SUMMARY Glioblastoma is the most common primary brain tumor with substantial genomic, molecular and phenotypic heterogeneity, but uniformly dismal outcomes despite the current standard treatment of concurrent temozolomide chemo-radiotherapy (CRT). Given the pace of disease recurrence and the challenges associated with obtaining tumor tissue, there is an unmet clinical need for the real-time, noninvasive assessment of GBM responsiveness to CRT. As demonstrated previously, most cancers shed tumor-derived fragmented DNA into biofluids, including plasma and cerebrospinal fluid (CSF), and these cell-free molecules can be quantified as a measure of disease burden. The approach, named “liquid biopsy”, has recently emerged as a breakthrough diagnostic and monitoring tool for diseases such as cancer, with the added benefit of being minimally invasive. Through the sampling and analysis of biofluids, a number of promising glioma biomarkers, derived from tumor-derived DNA in plasma (ctDNA) and CSF (CSF-tDNA) (together called rtDNA), have been reported as diagnostic strategies for gliomas. Meanwhile, numerous previous studies have demonstrated that protein-based amide proton transfer (APT) MRI can accurately identify tumor burden and genetic markers (such as IDH, MGMT status) in gliomas. The goals of this proposal are to combine ctDNA and CSF-tDNA with APT MRI to resolve the diagnostic challenges associated with discriminating treatment effect from tumor progression and to develop an efficient and reliable deep-learning framework for post-treatment monitoring. We propose the following specific aims to be performed: (1) correlate ctDNA and CSF-tDNA levels with protein-based APT MRI characteristics when monitoring GBM treated with CRT; (2) determine the accuracy of combined rtDNA/APT indices in identifying GBM recurrence; and (3) develop a transformer pipeline using rtDNA and mpMRI to assess GBM prognosis.
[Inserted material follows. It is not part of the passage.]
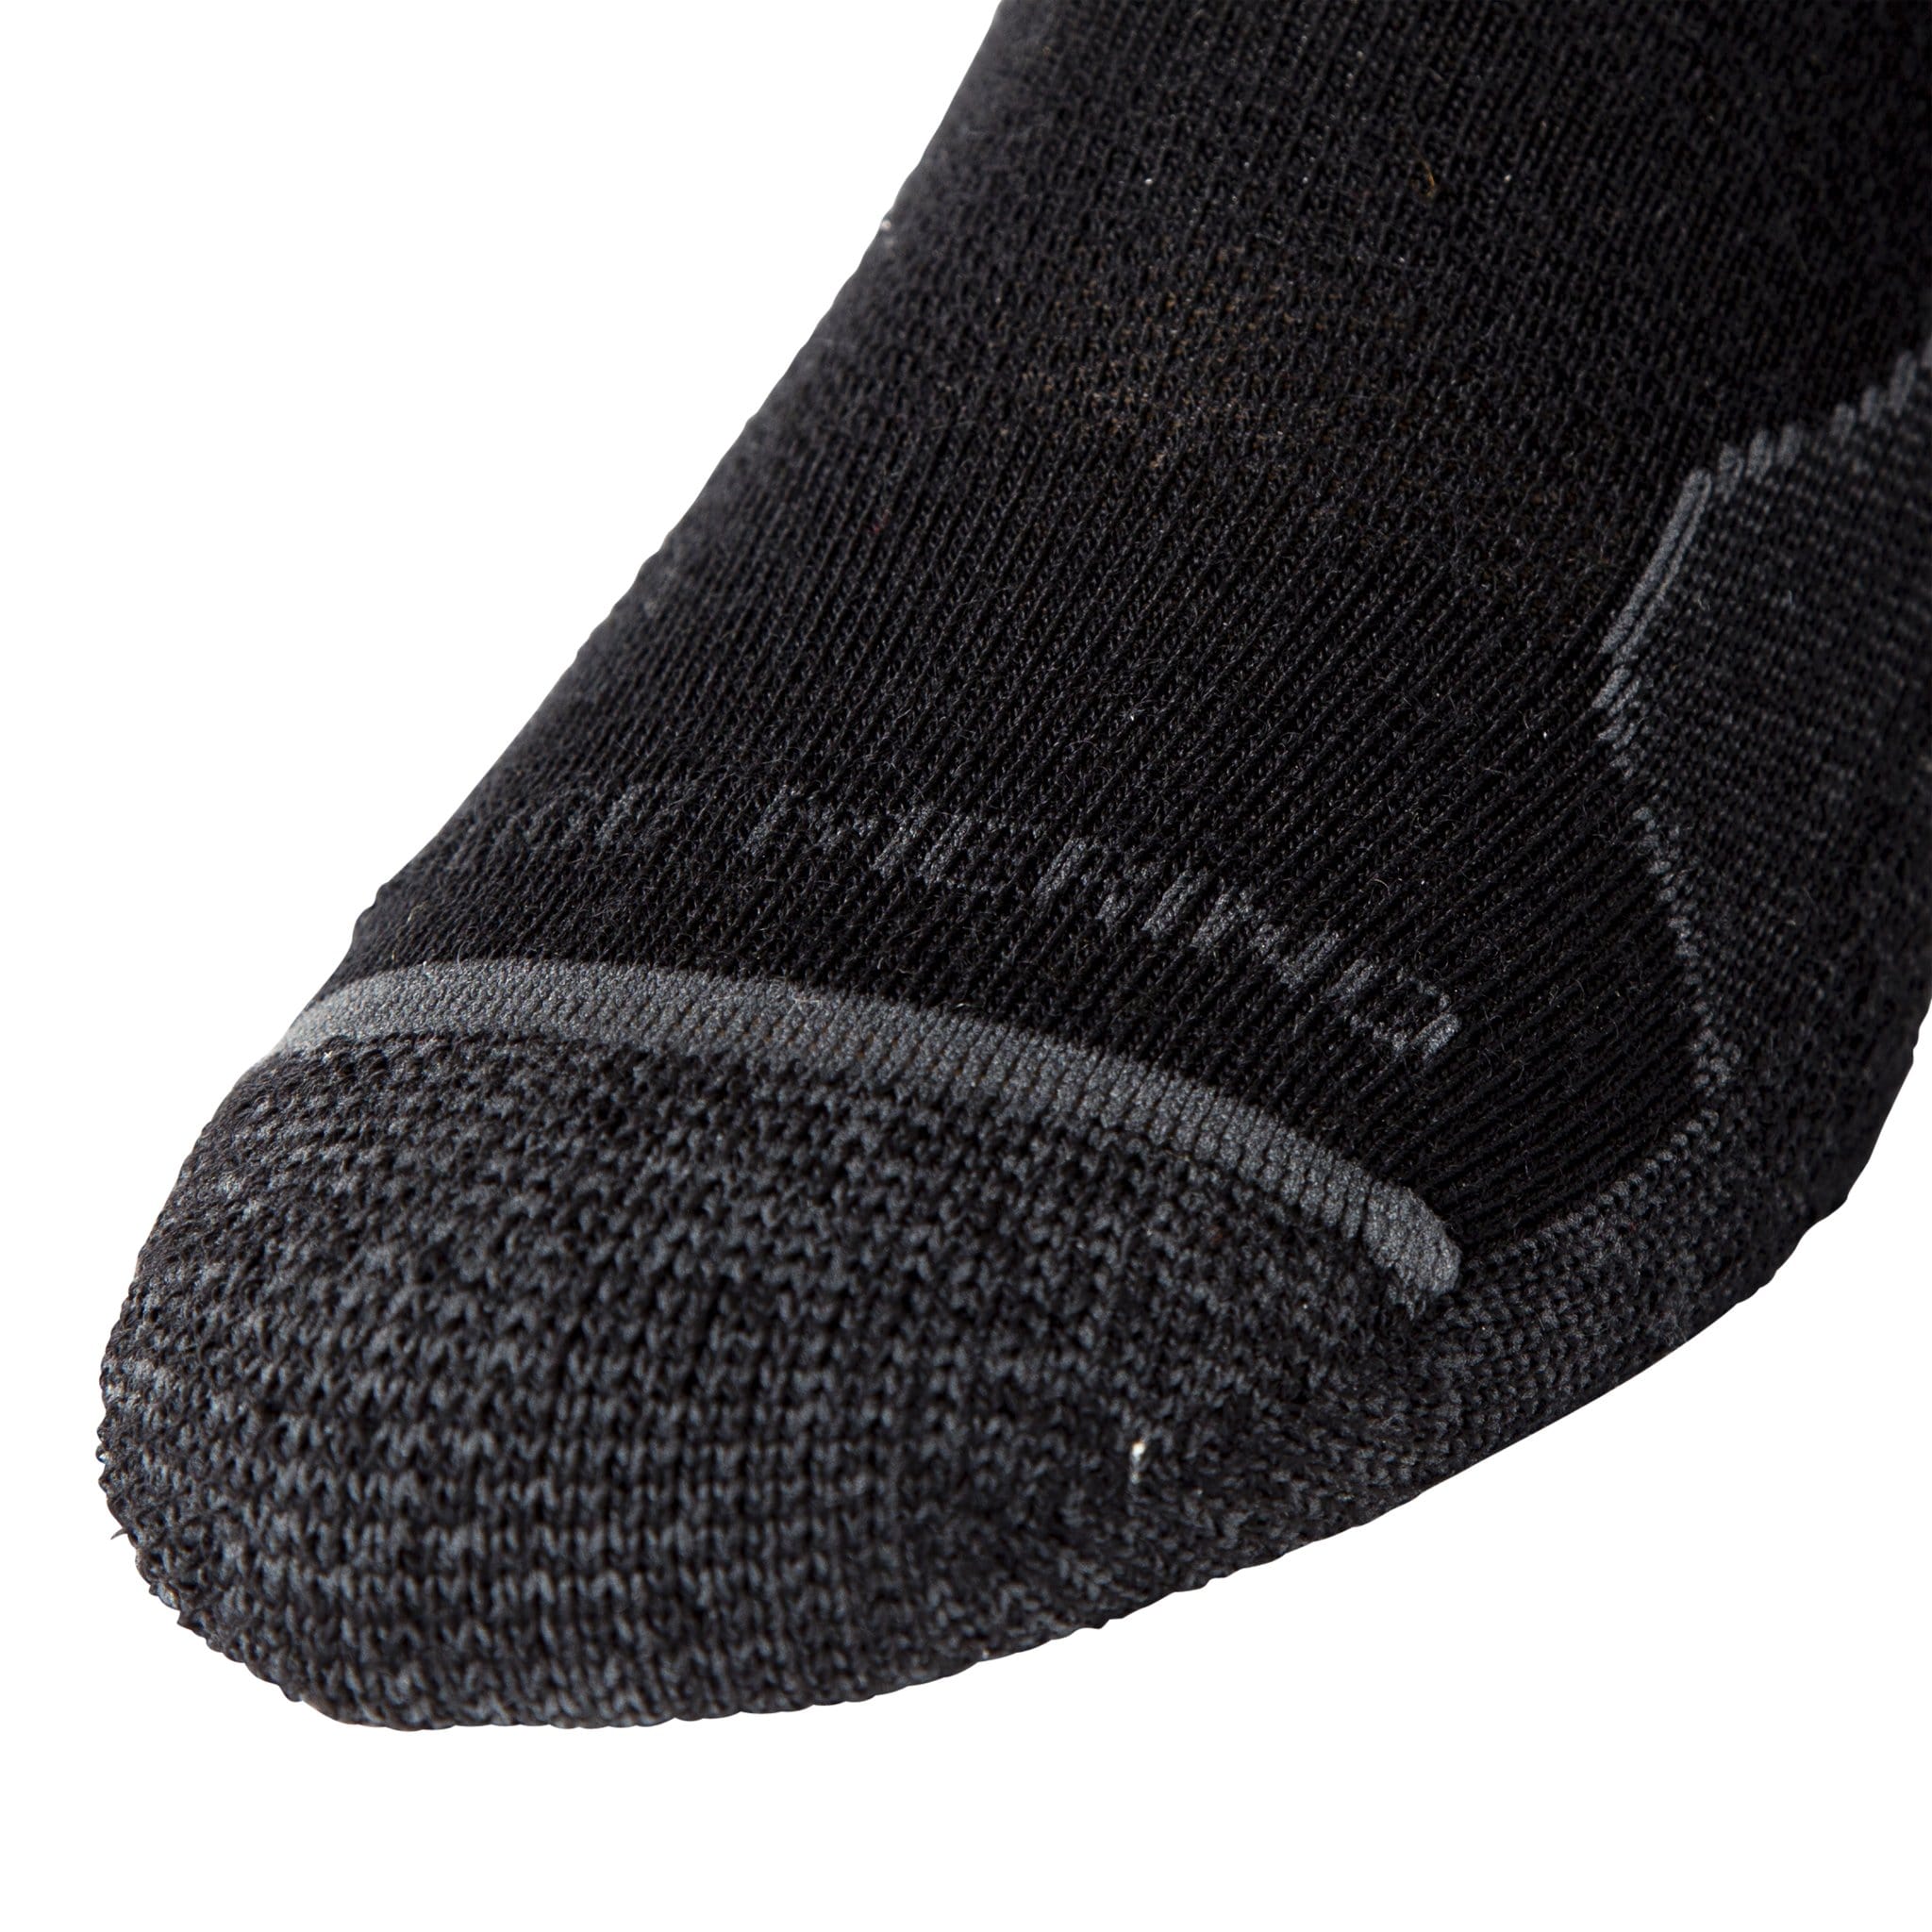 Dropout Lightweight Merino Wool Ski Socks

The success of this aim will help to understand the dynamic patterns of rtDNA/APT throughout the treatment course for individuals with GBM. If our rtDNA/APT investigation is successful, the results would dramatically improve the care of patients treated with CRT and spare many patients from undergoing surgery for diagnostic purposes.
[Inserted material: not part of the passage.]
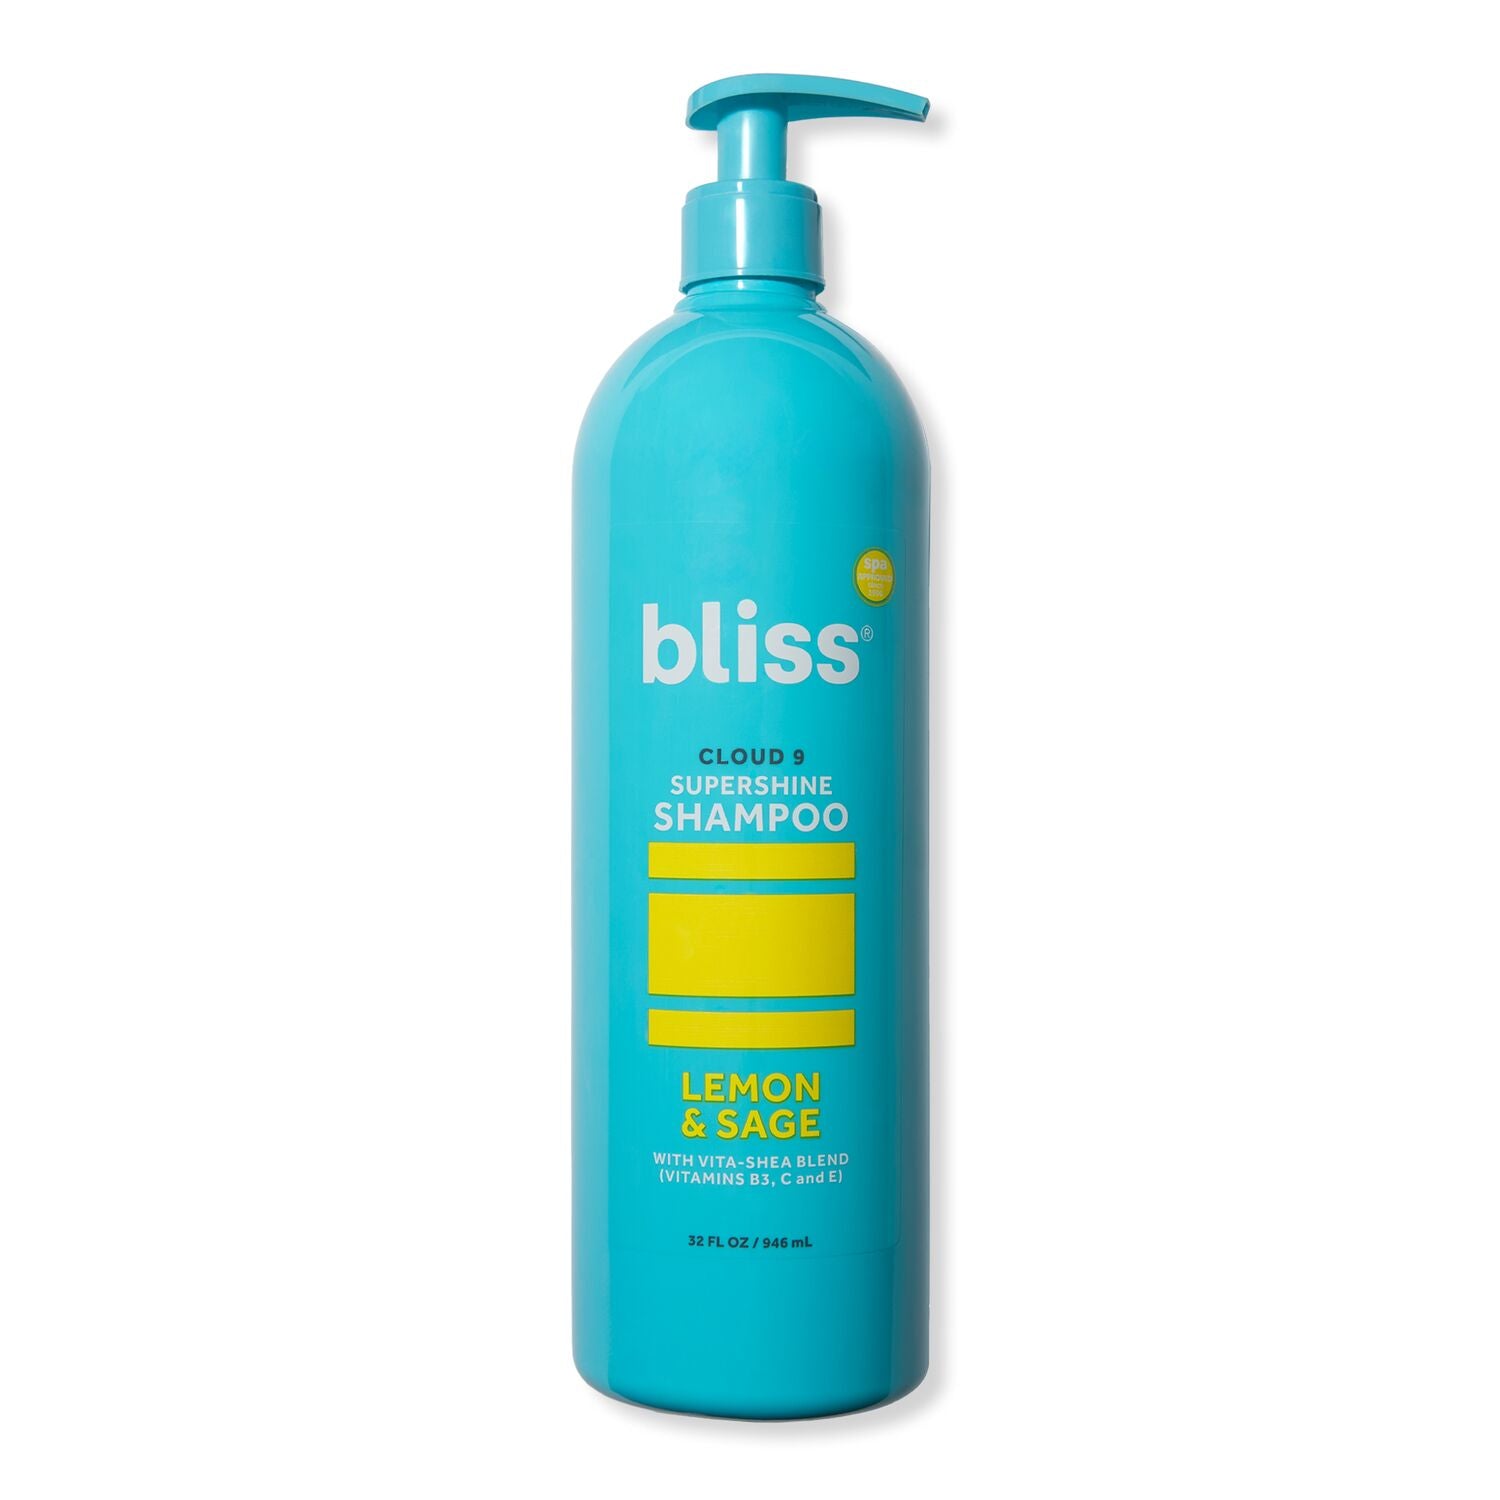 Bliss World Store Supershine Shampoo, Lemon & Sage With Vita-shea Blend (vitamins B3, C And E)

概括 胶质母细胞瘤是最常见的原发性脑肿瘤，具有大量的基因组，分子和表型 异质性，但统一的结果目的地目前的标准治疗 替莫唑胺化学疗法（CRT）。鉴于疾病复发的速度和挑战 与获得肿瘤组织有关，对实时无创的临床需求未满足 评估GBM对CRT的响应能力。如前所述，大多数癌症脱落了肿瘤的衍生 分散的DNA成生物流体，包括血浆和脑脊液（CSF），以及这些无细胞的分子 可以量化为伯恩疾病的量度。该方法被称为“液体活检”，最近有了 成为癌症等疾病的突破性诊断和监测工具，并带来额外的好处 最少的侵入性。通过对生物流体的采样和分析，许多有望的神经胶质瘤 生物标志物，源自血浆（CTDNA）和CSF（CSF-TDNA）（称为rtDNA）的肿瘤衍生的DNA，称为rtDNA）， 已报告是胶质瘤的诊断策略。同时，许多先前的研究已经 证明基于蛋白质的酰胺质子转移（APT）MRI可以准确识别肿瘤伯嫩和 胶质瘤中的遗传标记（例如IDH，MGMT状态）。该提案的目标是结合ctDNA和 CSF-TDNA具有APT MRI，以解决与歧视治疗效果相关的诊断挑战 从肿瘤的进展，发展一个有效且可靠的深度学习框架以进行后处理 监视。我们提出以下特定目标：（1）相关的ctDNA和CSF-TDNA水平 当监测用CRT处理的GBM时，具有基于蛋白质的APT MRI特性； （2）确定 识别GBM复发方面的RTDNA/APT指数的准确性； （3）开发变压器 使用rtDNA和mpMRI评估GBM预后的管道。这个目标的成功将有助于理解 在整个治疗过程中，RTDNA/APT的动态模式针对患有GBM的个体。如果我们 RTDNA/APT调查成功，结果将大大改善接受治疗的患者的护理 CRT和许多患者出于诊断目的进行手术。